▶ **Exercise aim**
Take each line of the entries below that contains "Printable" and copy it.

▶ **Exercise inputs**
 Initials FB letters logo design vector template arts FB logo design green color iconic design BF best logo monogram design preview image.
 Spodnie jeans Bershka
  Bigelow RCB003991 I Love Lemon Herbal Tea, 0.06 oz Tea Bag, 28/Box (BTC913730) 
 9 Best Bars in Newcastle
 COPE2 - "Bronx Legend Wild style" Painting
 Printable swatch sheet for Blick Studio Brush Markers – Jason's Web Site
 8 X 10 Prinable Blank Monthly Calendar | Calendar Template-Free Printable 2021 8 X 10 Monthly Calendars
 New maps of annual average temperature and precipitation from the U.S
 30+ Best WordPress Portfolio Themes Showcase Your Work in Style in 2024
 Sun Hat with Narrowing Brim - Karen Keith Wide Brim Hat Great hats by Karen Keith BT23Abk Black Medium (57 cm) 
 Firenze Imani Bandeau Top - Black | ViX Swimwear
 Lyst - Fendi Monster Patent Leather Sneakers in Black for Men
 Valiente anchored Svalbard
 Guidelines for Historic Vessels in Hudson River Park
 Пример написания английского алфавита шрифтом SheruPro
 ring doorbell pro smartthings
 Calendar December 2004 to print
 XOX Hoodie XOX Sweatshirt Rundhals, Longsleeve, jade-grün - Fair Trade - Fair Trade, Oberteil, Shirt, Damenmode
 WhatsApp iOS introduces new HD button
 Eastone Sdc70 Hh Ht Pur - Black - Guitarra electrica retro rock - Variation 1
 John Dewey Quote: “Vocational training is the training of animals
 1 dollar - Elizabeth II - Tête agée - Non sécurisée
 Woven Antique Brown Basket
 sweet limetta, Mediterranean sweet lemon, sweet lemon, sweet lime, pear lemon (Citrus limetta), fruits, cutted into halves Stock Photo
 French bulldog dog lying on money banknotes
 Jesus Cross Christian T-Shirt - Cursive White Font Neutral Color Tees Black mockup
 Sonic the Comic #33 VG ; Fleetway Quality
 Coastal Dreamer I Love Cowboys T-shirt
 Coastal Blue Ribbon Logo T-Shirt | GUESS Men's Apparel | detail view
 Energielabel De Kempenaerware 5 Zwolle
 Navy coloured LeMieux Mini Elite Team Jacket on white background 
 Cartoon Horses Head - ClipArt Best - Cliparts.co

▶ **Solved problem**
 Printable swatch sheet for Blick Studio Brush Markers – Jason's Web Site
 8 X 10 Prinable Blank Monthly Calendar | Calendar Template-Free Printable 2021 8 X 10 Monthly Calendars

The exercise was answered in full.